Former U.P. President Jose V. Abueva was emphatic that that the recognition of the Bangsamoro as a united Muslim ethno-linguistic-cultural community and a distinctive political entity is a great historic achievement.

It recognizes the Moro self-identity and the unity of Muslim Filipinos who also belong to various ethnic communities, such as the Maranao, Maguindanao, Tausug, etc. and compete with, and even fight, each other.” By self-ascription, the non-Muslim lumad or indigenous peoples in contiguous areas in the Autonomous Region in Muslim Mindanao will also form part of the Bangsamoro and are to be guaranteed their ancestral land and their rights as indigenous peoples.

 Abueva’s satisfaction is that we should anyway be going in the same Federal direction pointed out by the Bangsamoro achievement. To him, “the reality is that our republic is made up of various ‘bangsa,’ each comprising distinctive ethno-linguistic-cultural communities and political, economic and social structures that have their own identities.” The Philippines has a “Bangsa-Iloco, a Bangsa-Cordillera, a Bangsa-Tagalo, a Bangsa-Bikol, a Bangsa-Bisaya, a Bangsa-Ilongo, a Bangsa-Waray, and a number of ‘bangsa’ in Mindanao. These ethno-linguistic-cultural and political communities happen to coincide with some of the existing administrative regions in our highly centralized unitary system.”
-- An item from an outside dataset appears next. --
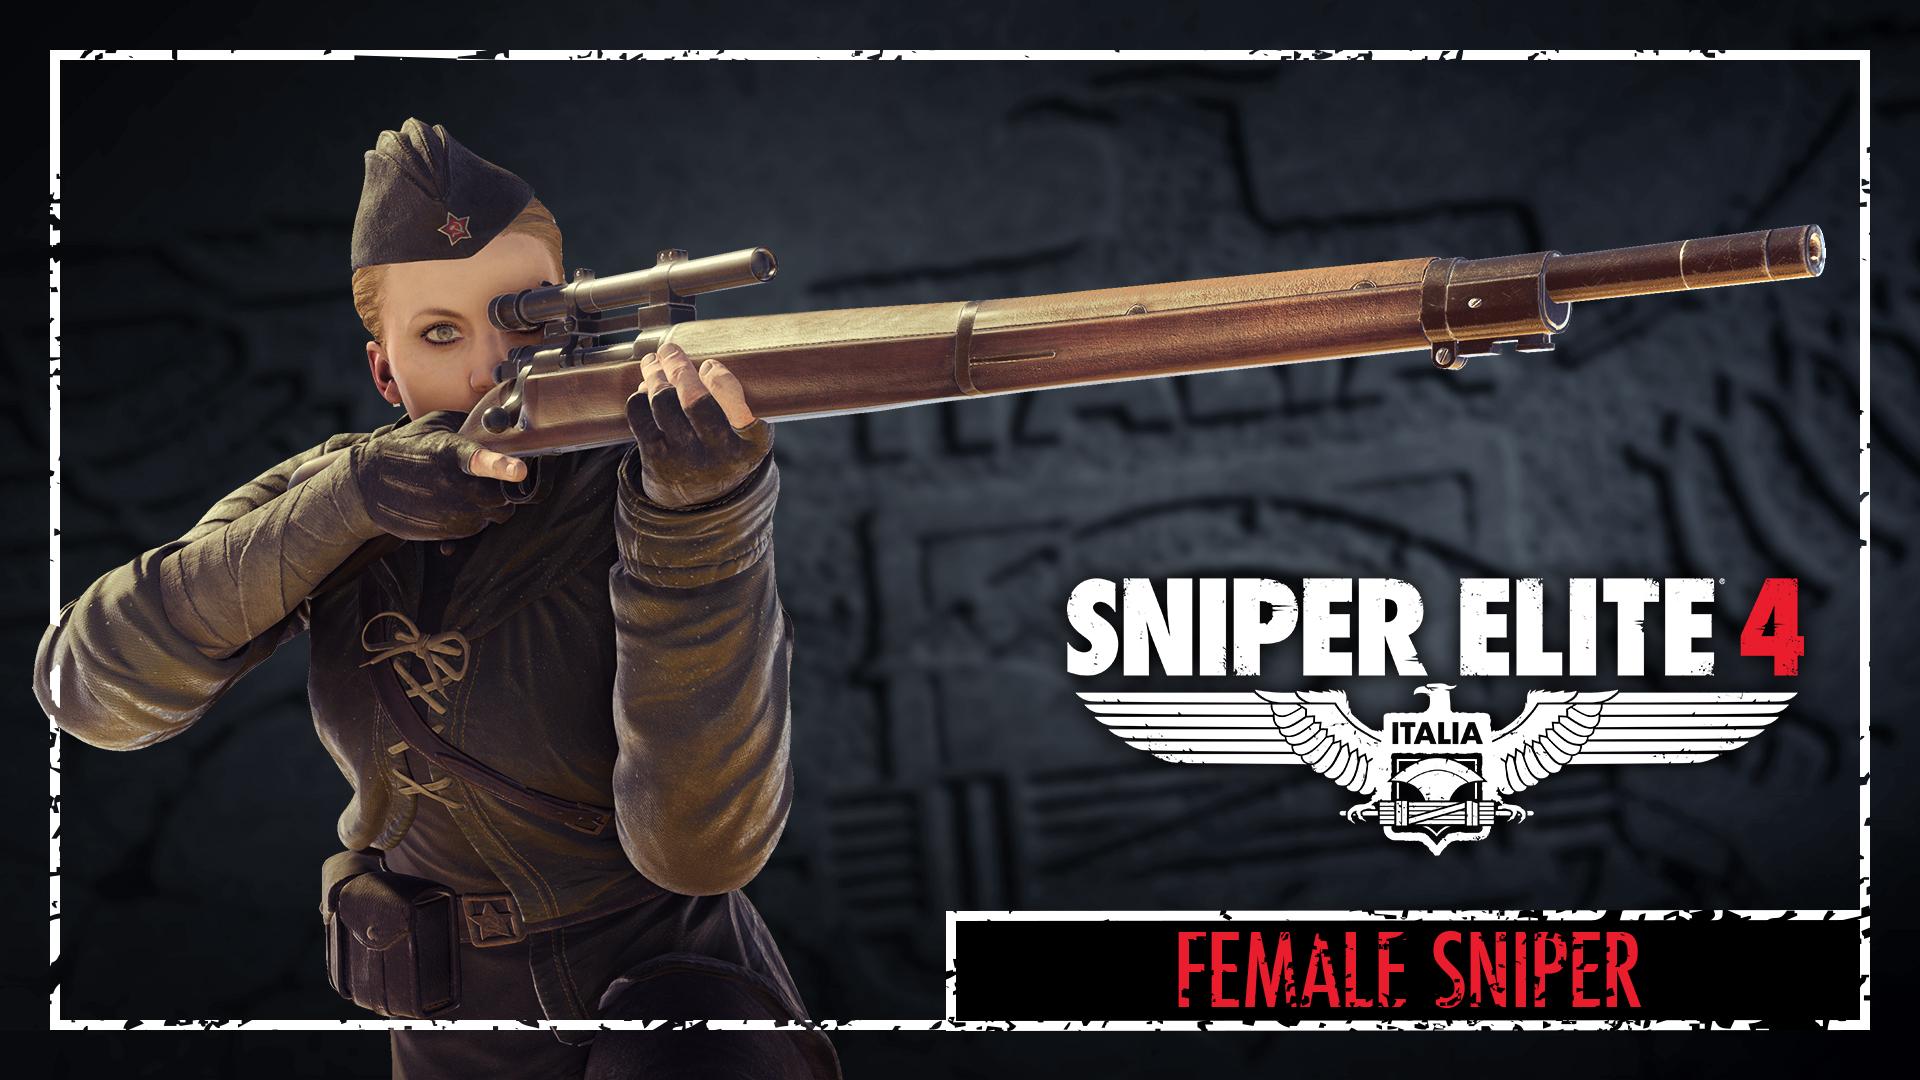 Sniper Elite 4 - Covert Heroes Character Pack screenshot

In the darkest years of martial law some activists used to quip that we should all secede from the Philippines anyway. Now they are saying we should struggle for the same autonomy or quasi-independence outlined in the comprehensive agreement on Bangsamoro – without the latter’s long history of struggle and warfare? In fact, it is quite likely that these last chapters of the MILF struggle may be the most difficult for them – the congressional, the judicial and the electoral. They may realize once again that the Philippine oligarchy is a much worse enemy than any foreign invader. Didn’t their predecessors many times in the past – not too long ago – prefer the American colonizer to imperial Manila?

Abueva again: “What is good for the Moros is good for all other Filipinos nationwide! The proposed Bangsamoro is a most welcome model for the fundamental reform of our unitary system, under which our administrative regions of differing ethno-linguistic-cultural and political communities gravely suffer from the lack of powers, authority, and resources as poor dependents of the national government in Imperial Manila.”

If, indeed, the CAB will push through, as hoped for, then we will see an experiment in the ministerial (parliamentary) federal form of government in an incipient stage. But before all that, we may have to be forced at last to go for honest-to-goodness constitutional change. The euphoria of this year’s peace agreement should not wane too fast – but neither should a healthy political realism be thrown out the window. The task is to adopt an illusionless persistence in what is right and good for all. FINIS.